WORK INSTRUCTIONS –
Before copying, find the line below that contains "Estelle Colored Glass"; then return it and all later lines exactly, up to and including the final line, with no pictures.

COLLECTED DATA –
☆ ☆ ☆
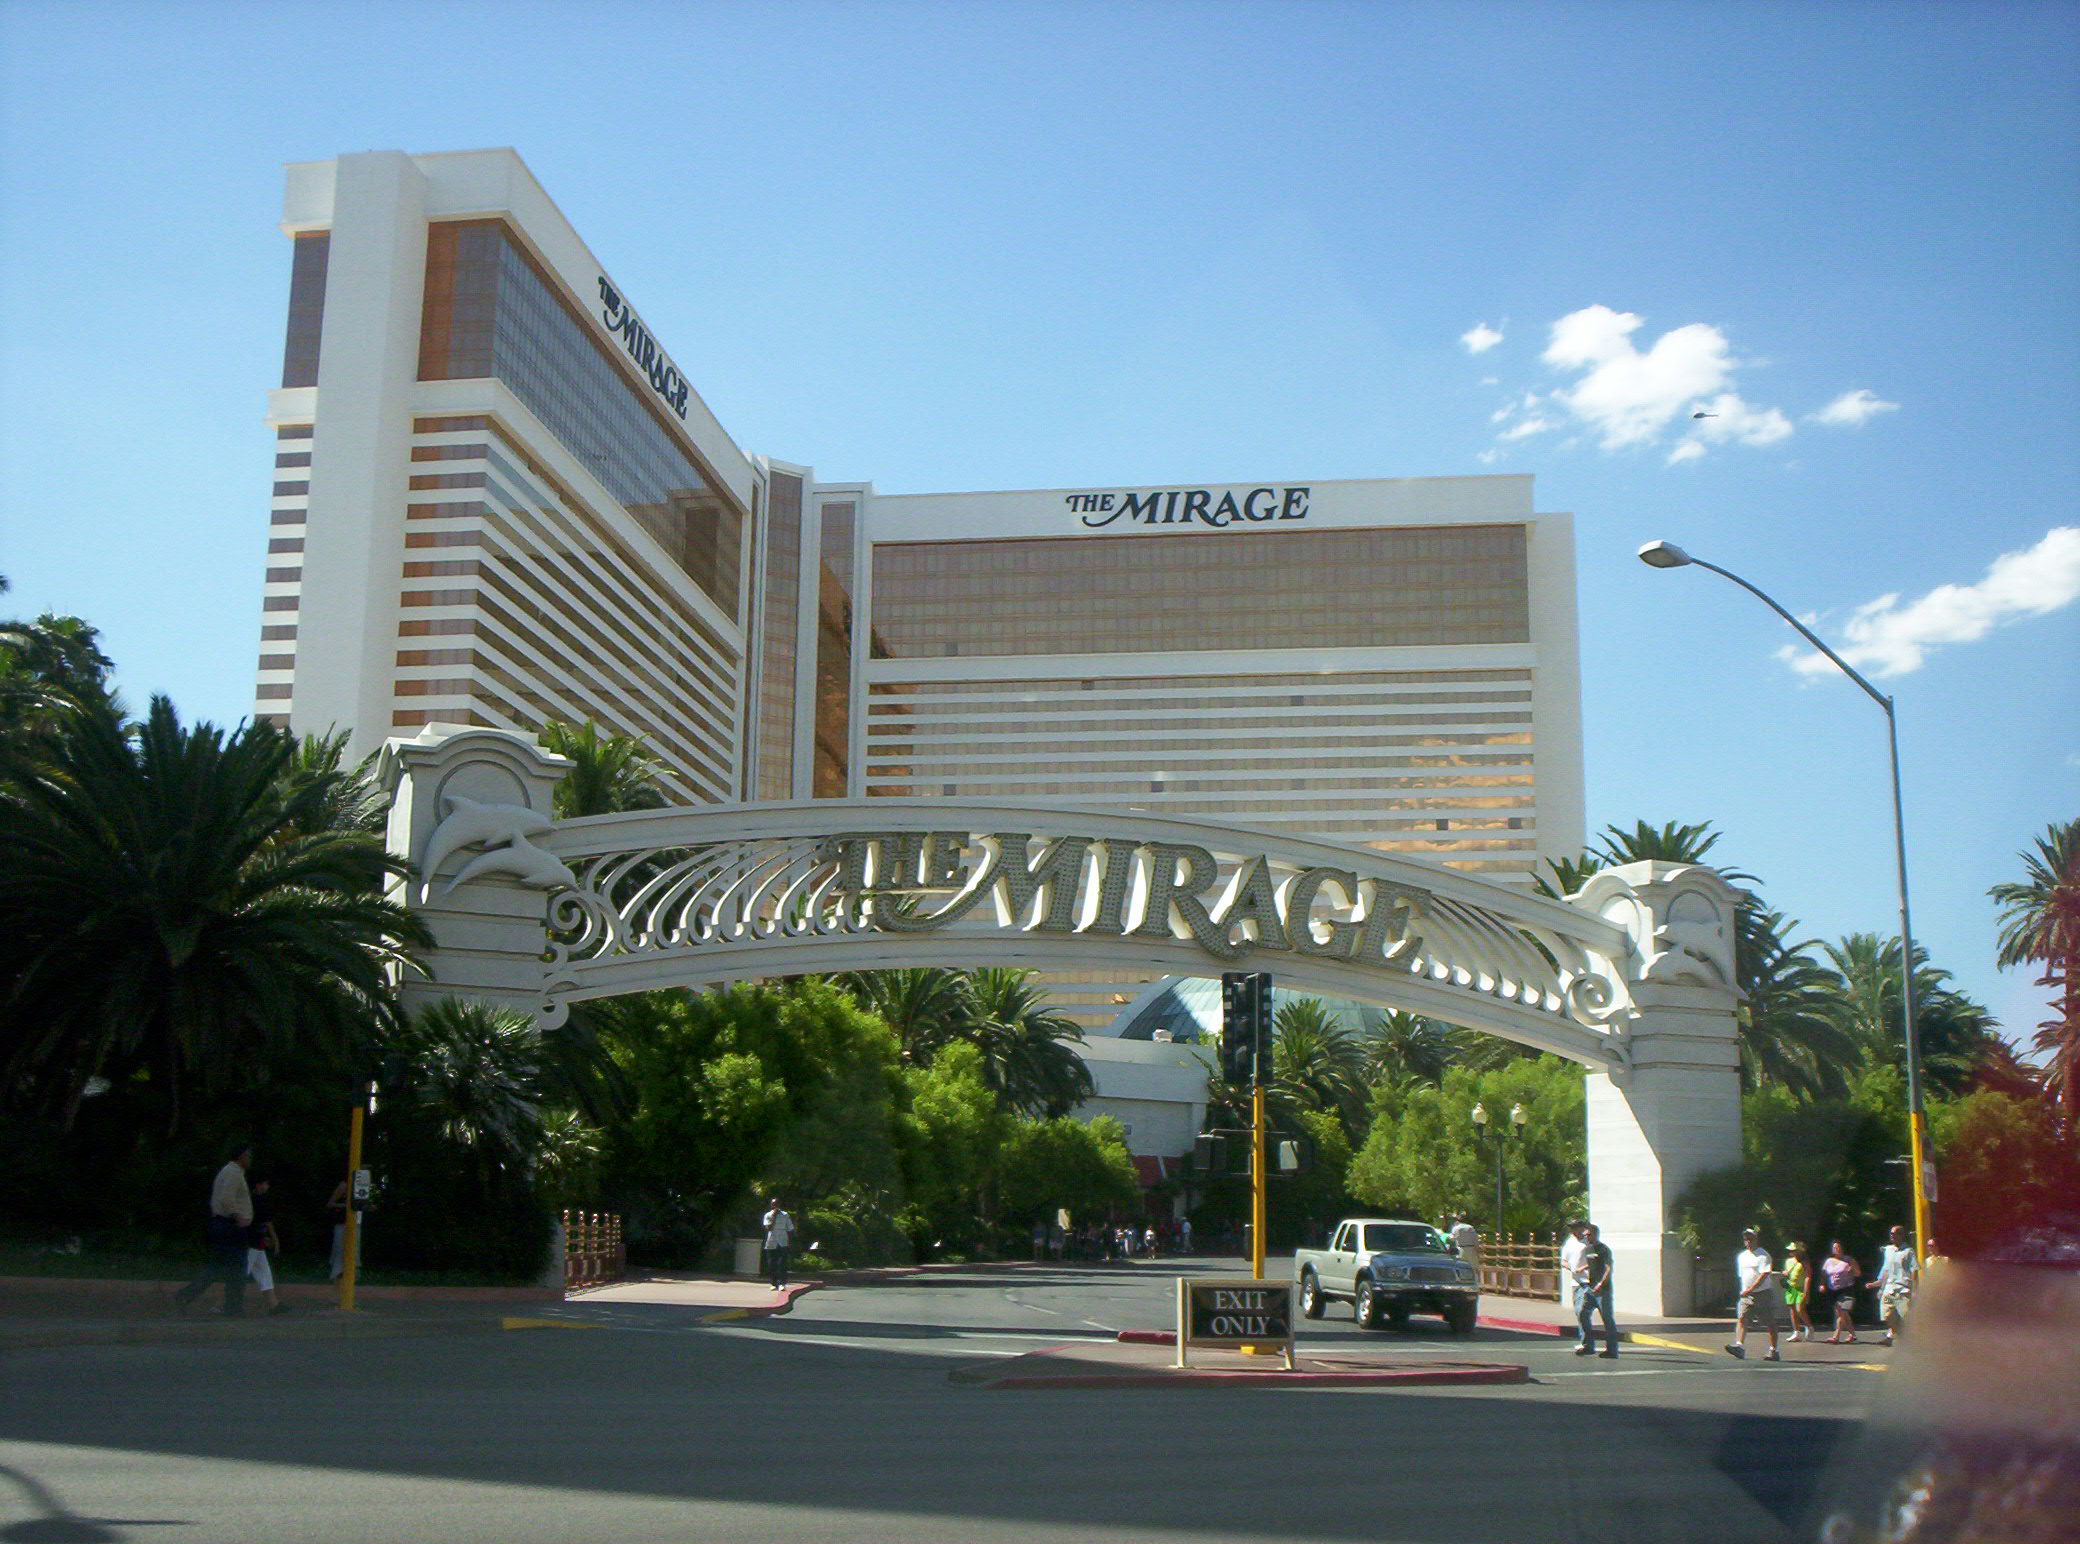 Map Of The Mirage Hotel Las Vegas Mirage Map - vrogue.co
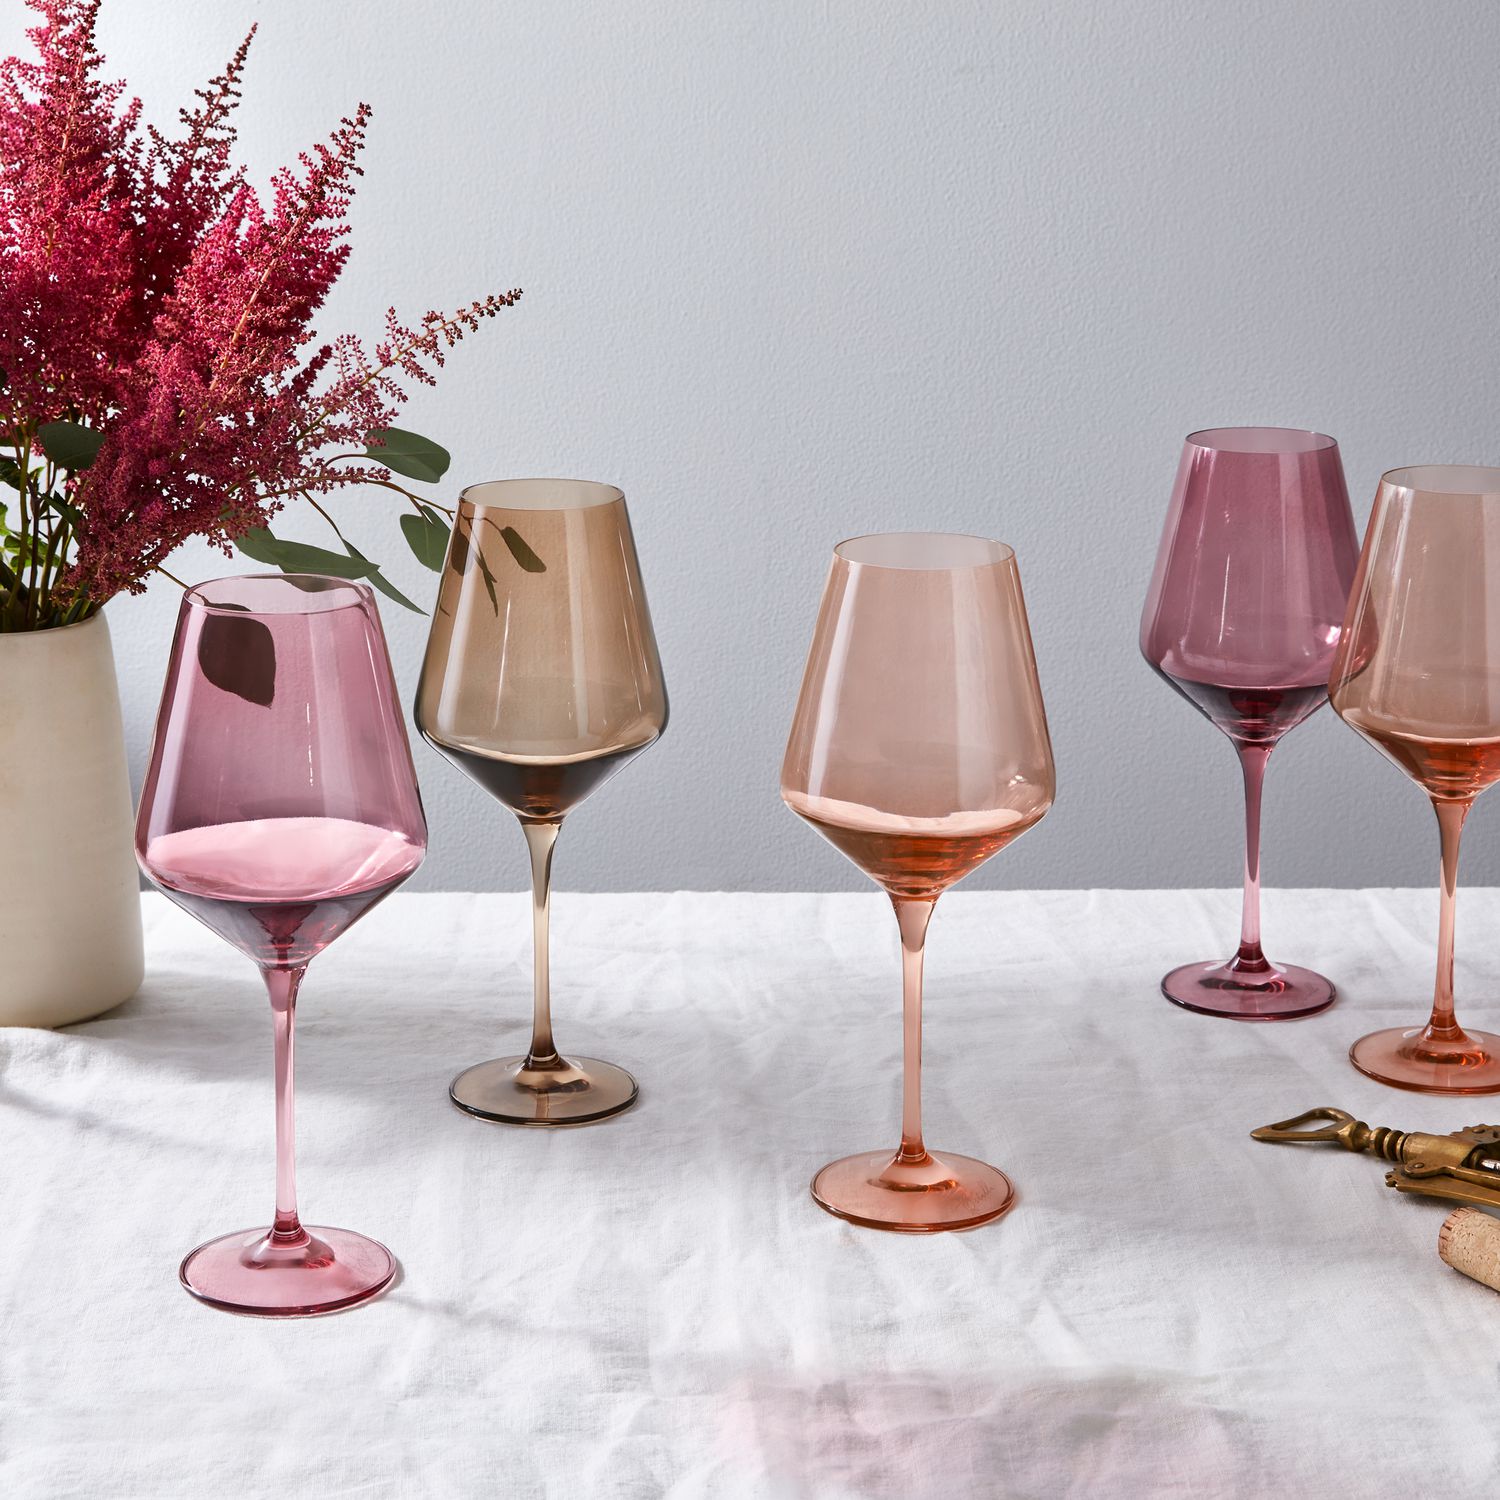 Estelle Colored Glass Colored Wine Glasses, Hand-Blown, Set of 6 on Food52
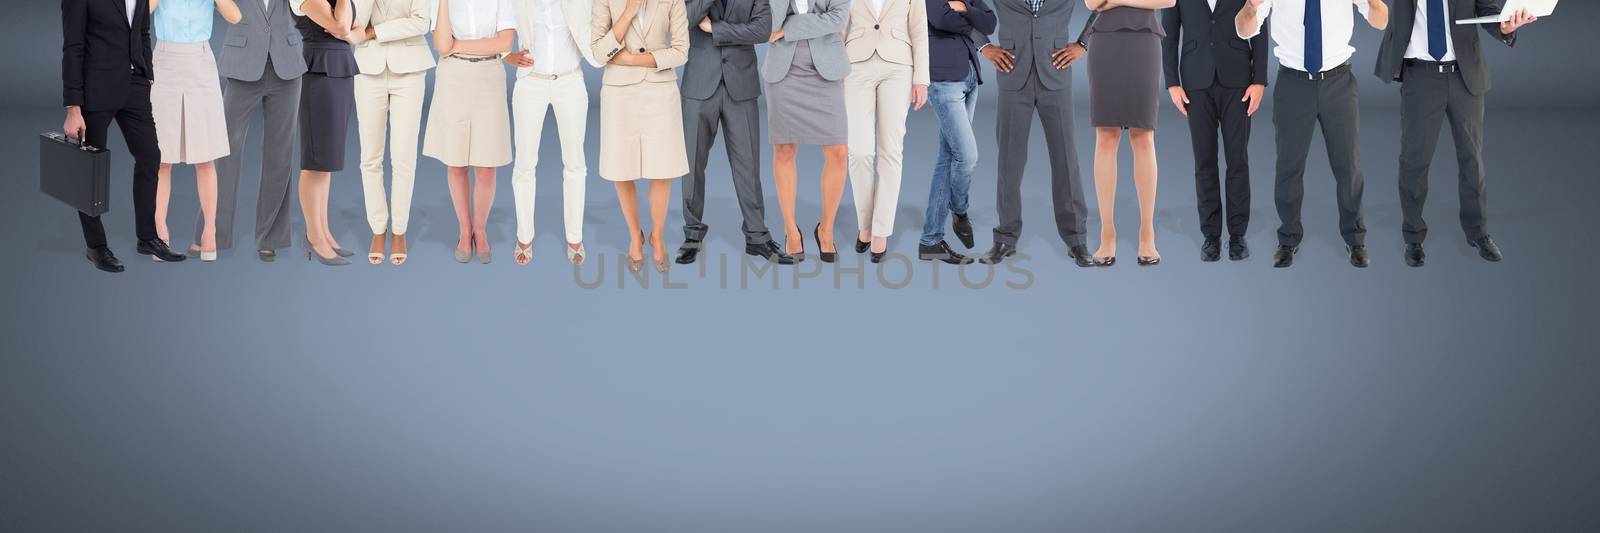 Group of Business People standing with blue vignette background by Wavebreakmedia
☆ ☆ ☆
RESULT –
 Estelle Colored Glass Colored Wine Glasses, Hand-Blown, Set of 6 on Food52
 Group of Business People standing with blue vignette background by Wavebreakmedia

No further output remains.